Don Juan y yo pasamos todo el día en las montañas. Salimos al amanecer. Me llevó a cuatro sitios de poder, y en cada uno de ellos me dio instrucciones específicas sobre cómo proceder al cumplimiento de la tarea particular que años antes me había bosquejado como situación de por vida. Regresamos al atardecer. Después de comer, don Juan dejó la casa de don Genaro. Me dijo que esperara a Pablito, el cual llevaría combustible para la lámpara, y que hablara con él.

Me puse a trabajar en mis notas y, absorto, no oí llegar a Pablito sino hasta tenerlo a mi lado. Él comentó que había estado practicando el «paso de poder», y que debido a eso yo no hubiera podido oírlo de ningún modo, a menos que fuera capaz de «ver».

Pablito siempre me había simpatizado. Sin embargo, aunque éramos buenos amigos, las oportunidades de charlar a solas con él habían sido escasas. Pablito me parecía una persona sumamente encantadora. Su nombre, por supuesto, era Pablo, pero el diminutivo le sentaba mejor. Era pequeño de huesos, pero duro. Como don Genaro, era magro de carnes, insospechadamente musculoso y fuerte. Andaría quizá pisando los treinta años, pero parecía tener dieciocho. Era moreno y de estatura media. Tenía ojos cafés, claros y brillantes, y —de nuevo como don Genaro— una sonrisa cautivante, con cierto toque de malicia.

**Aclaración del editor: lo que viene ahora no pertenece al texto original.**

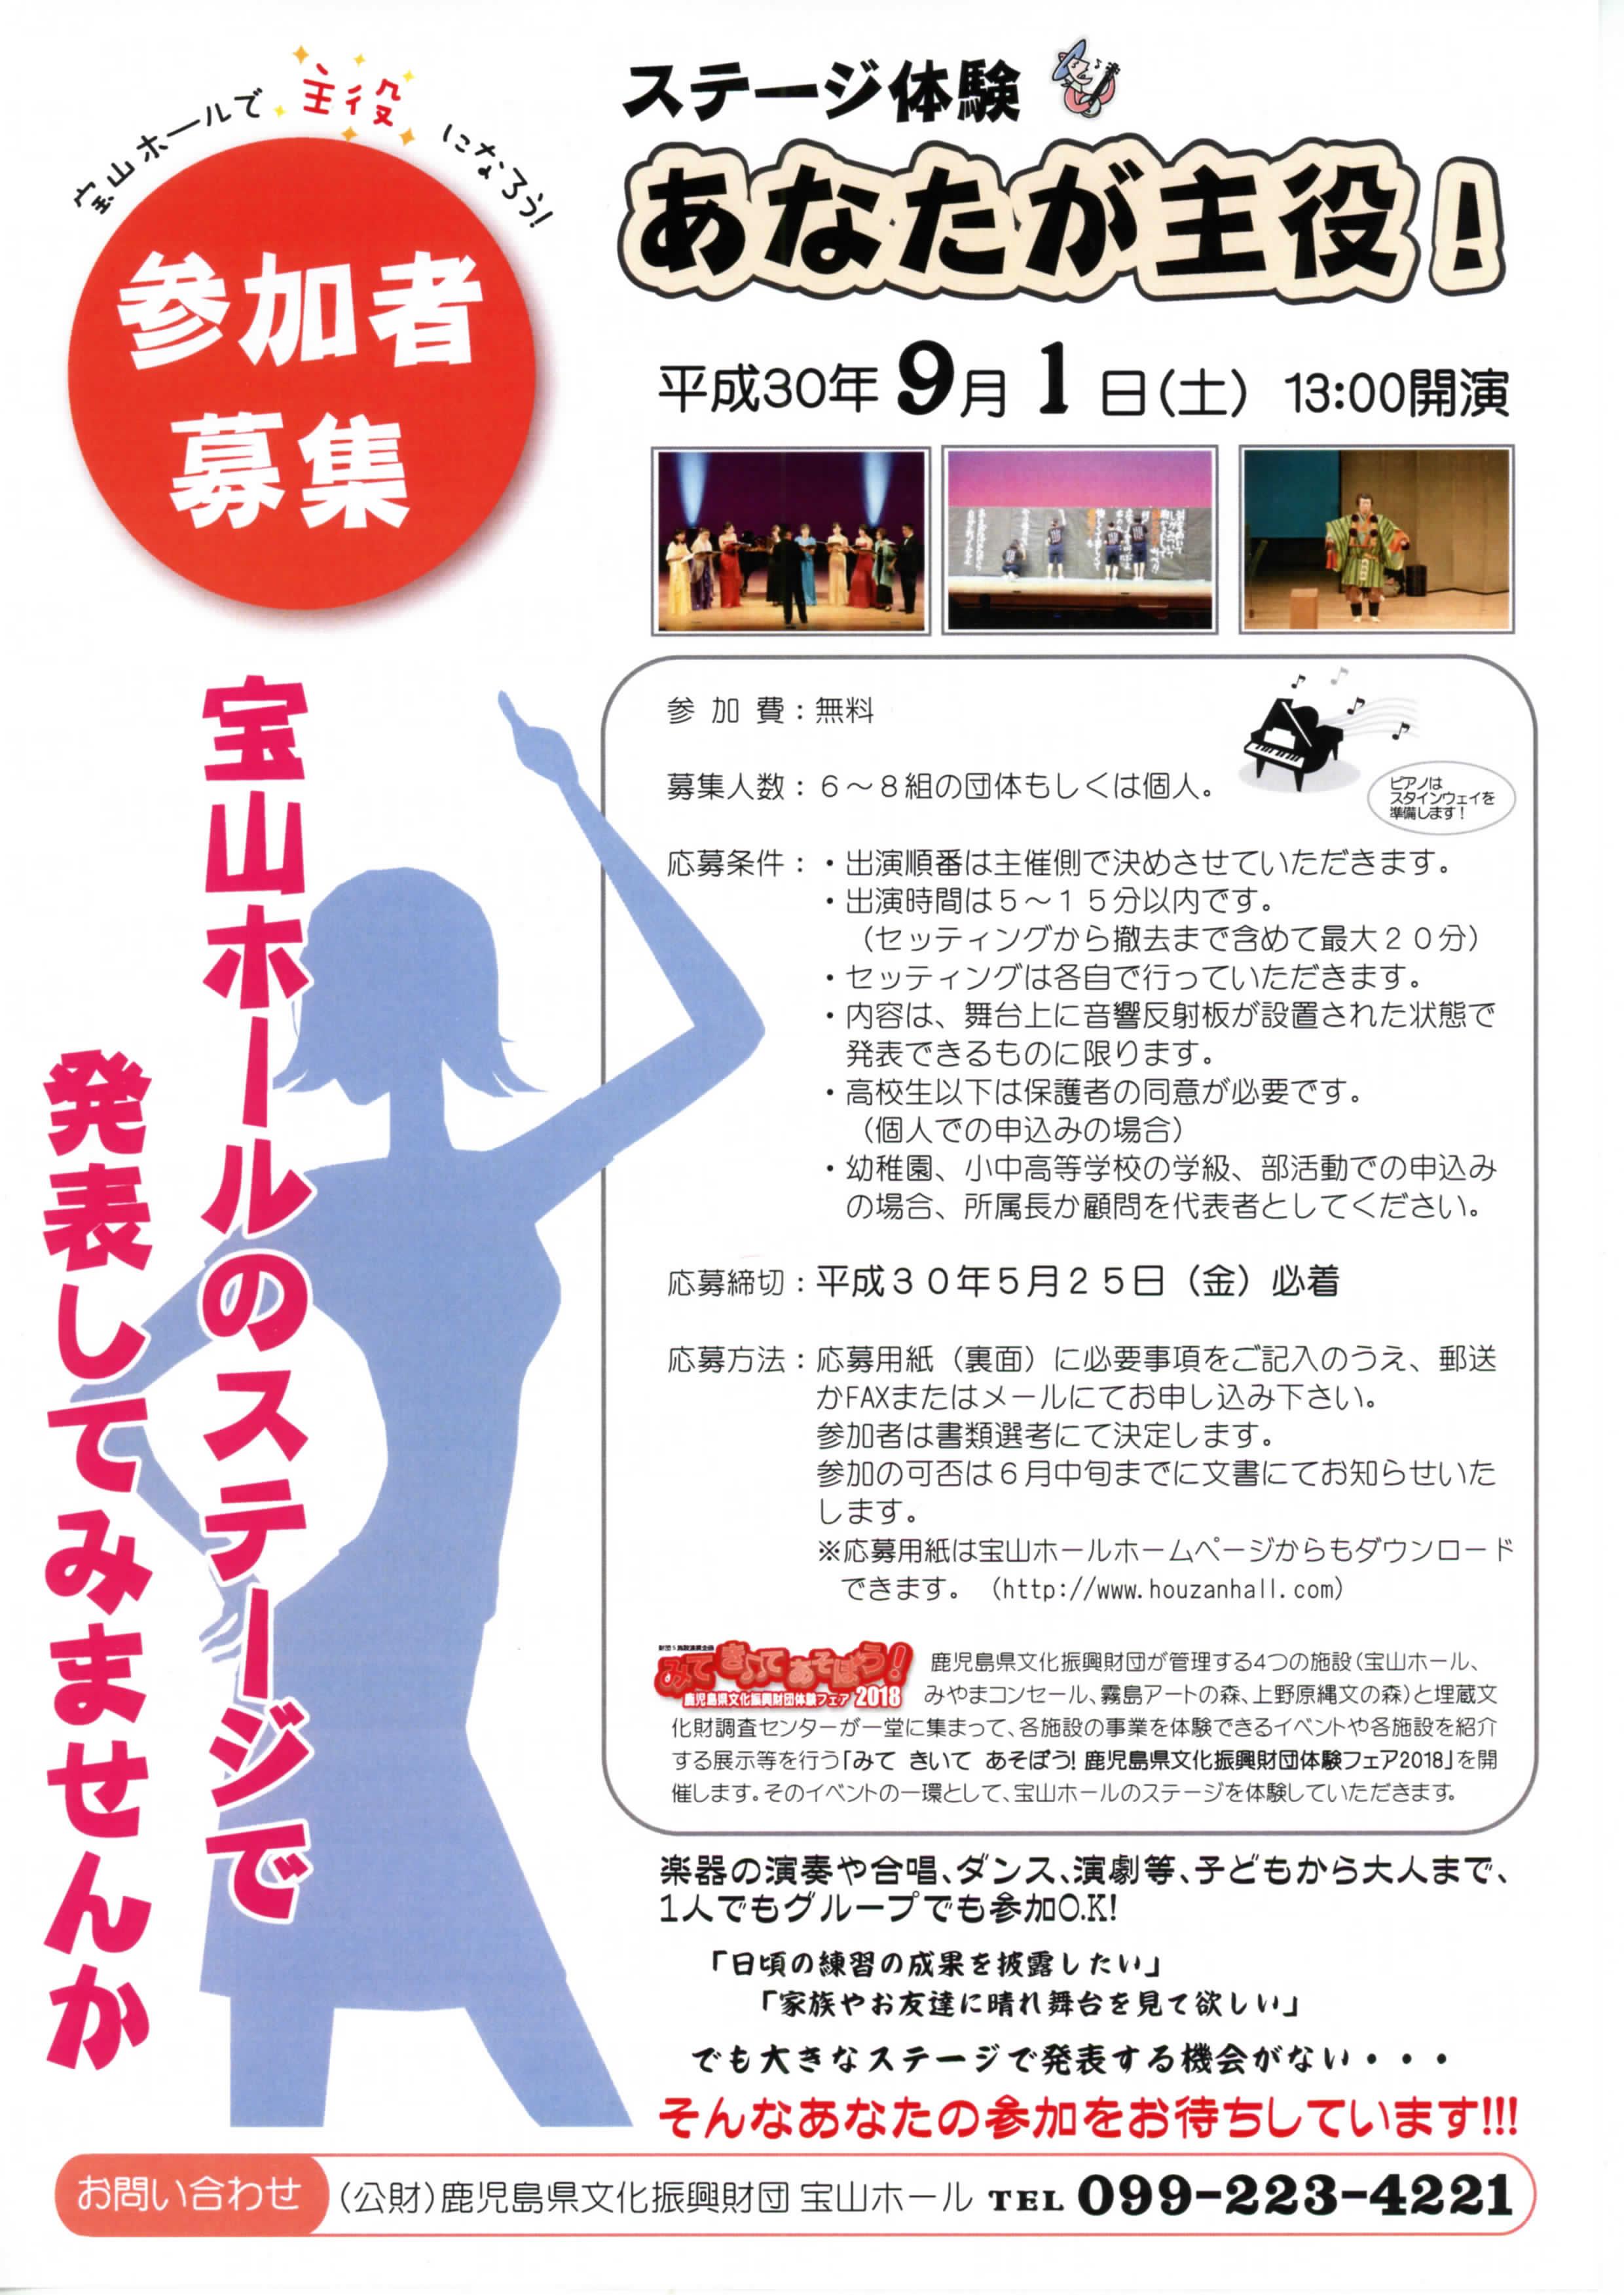 みてきいてあそぼう!鹿児島県文化振興財団体験フェア2018参加者募集 ステージ体験「あなたが主役!」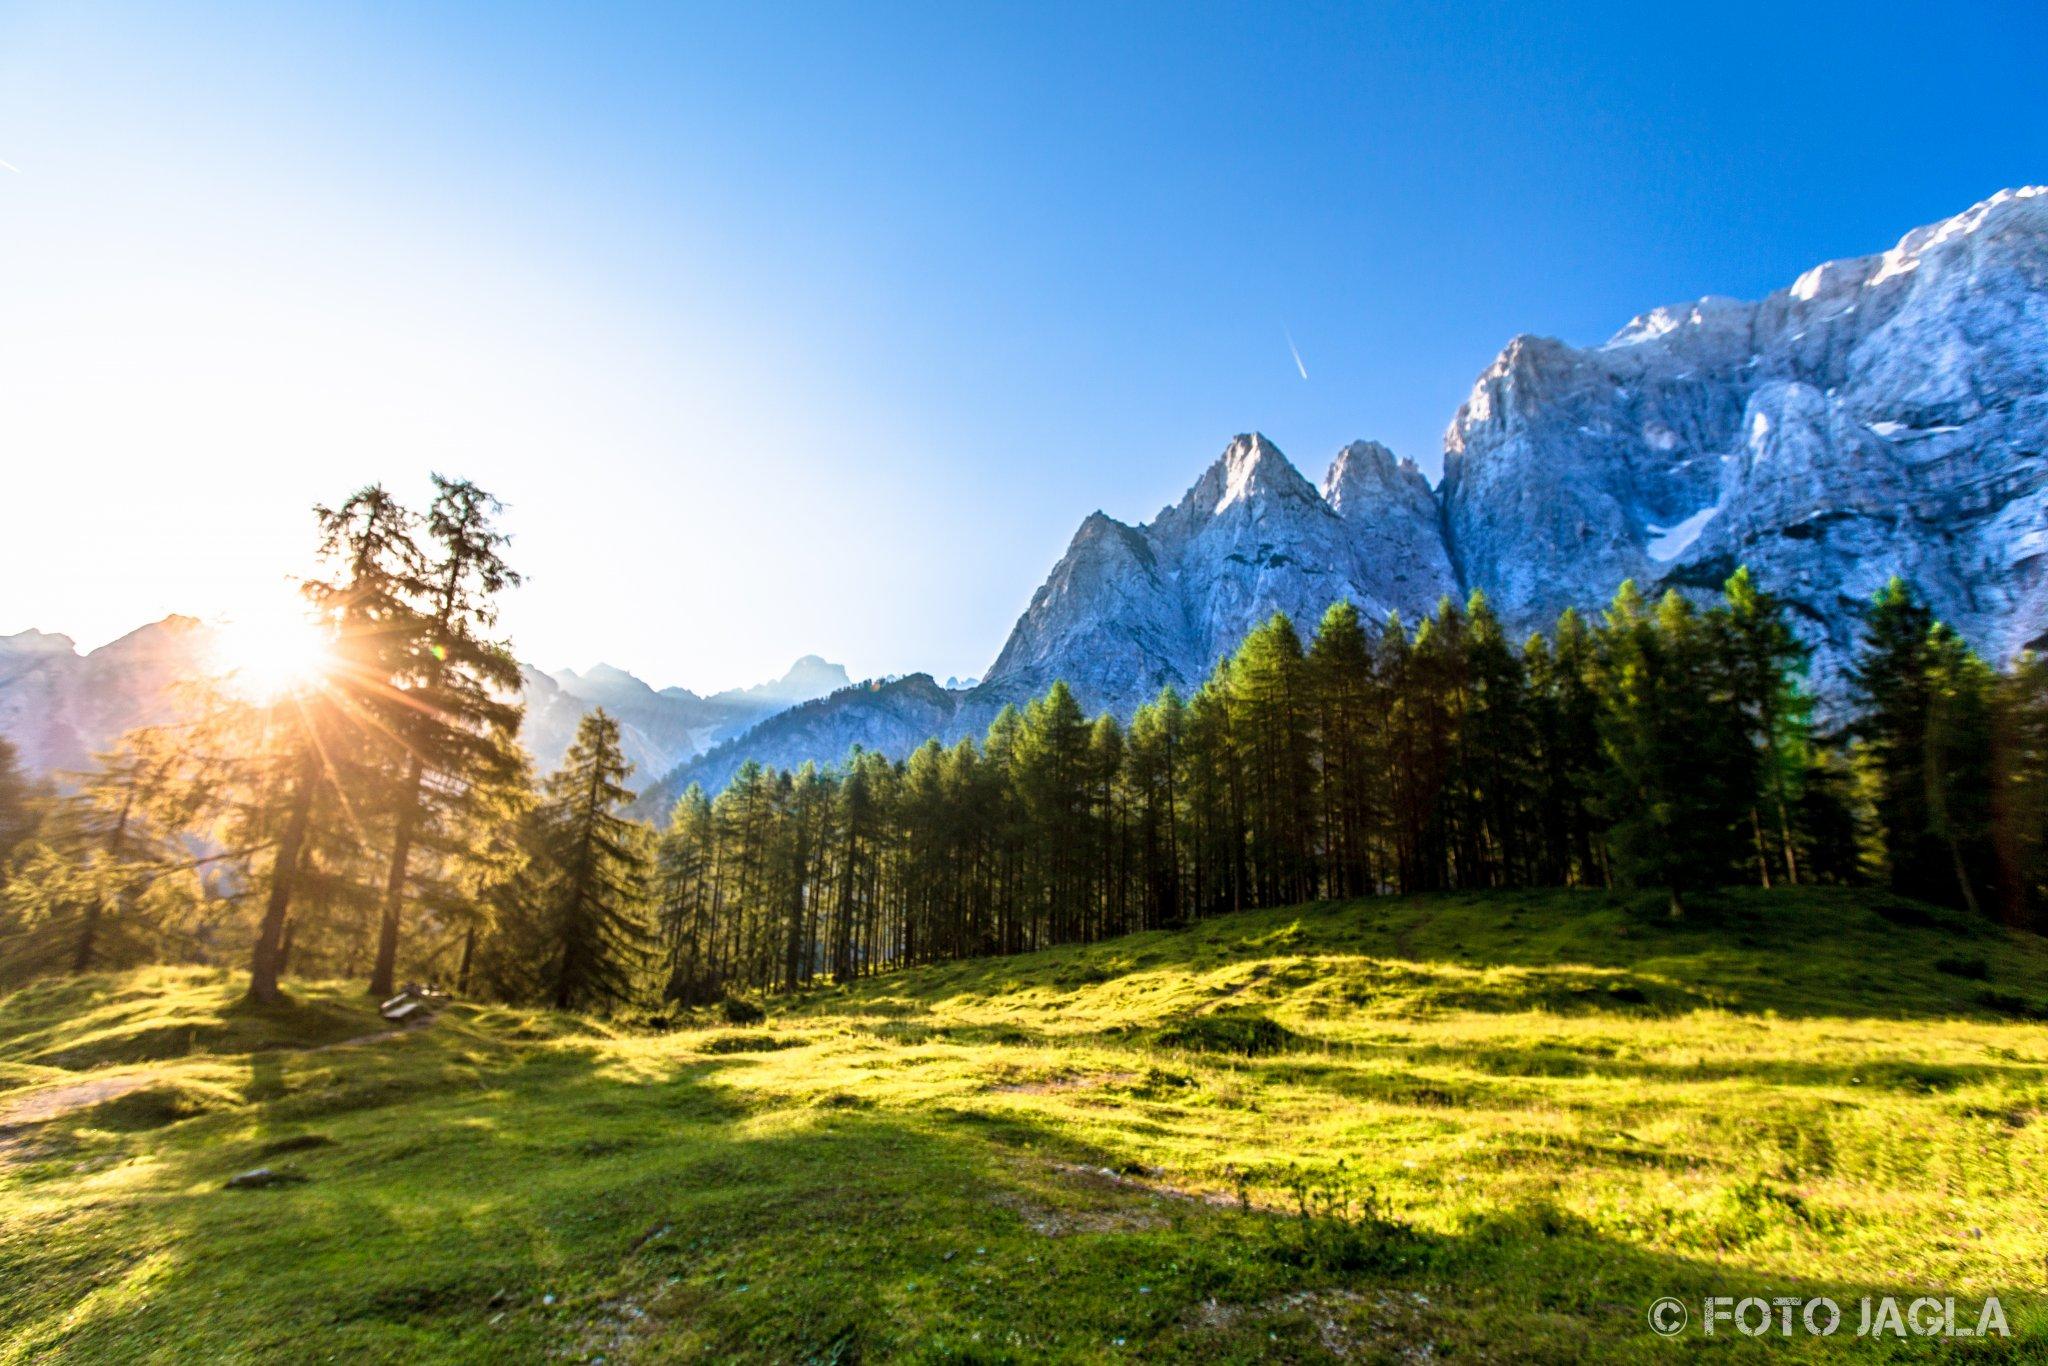 Slowenien im Sommer 2014 in der Nähe von Tolmin

Le pregunté por su amigo Néstor, el otro aprendiz de don Genaro. Anteriormente siempre los había visto juntos, y me daban la impresión de tener una excelente relación mutua; sin embargo, eran opuestos en apariencia física y en carácter. Mientras Pablito era jovial y franco, Néstor era sombrío y reservado. También era más alto, más pesado, más moreno y mucho mayor.

Pablito dijo que Néstor se había involucrado finalmente en su trabajo con don Genaro, y que se había vuelto una persona totalmente distinta desde la última vez que lo vi. No quiso detallar el trabajo de Néstor ni su cambio de personalidad, y cambió abruptamente el tema.

—Entiendo que el nagual te anda pisando los talones —dijo.

Me sorprendió que lo supiera y le pregunté cómo lo averiguó.

—Genaro me cuenta todo —repuso.

Noté que no hablaba de don Genaro con el formalismo que yo usaba. Simplemente le decía Genaro, en tono familiar. Dijo que don Genaro era como su hermano, y que entre ambos existía una confianza de verdaderos parientes. Profesó abiertamente su gran cariño por don Genaro. Su sencillez y su candor me conmovieron en lo profundo. Hablándome, me di cuenta de la gran semejanza de temperamento entre don Juan y yo; debido a ella, nuestra relación era formal y estricta en comparación con la de don Genaro y Pablito.

Pregunté a Pablito por qué tenía miedo de don Juan. Hubo un titubeo en su mirada. Era como si la sola idea de don Juan lo hiciera retraerse. No respondió. Parecía evaluarme en alguna forma misteriosa.

—¿A poco tú no le tienes miedo? —preguntó.

Le dije que tenía miedo de don Genaro, y rió como si hubiera esperado oír todo menos eso. Dijo que la diferencia entre don Juan y don Genaro era como la diferencia entre el día y la noche. Don Genaro era el día; don Juan era la noche y, como tal, el ser más atemorizante del mundo. De la descripción de su temor hacia don Juan, Pablito pasó a comentar su propia condición como aprendiz.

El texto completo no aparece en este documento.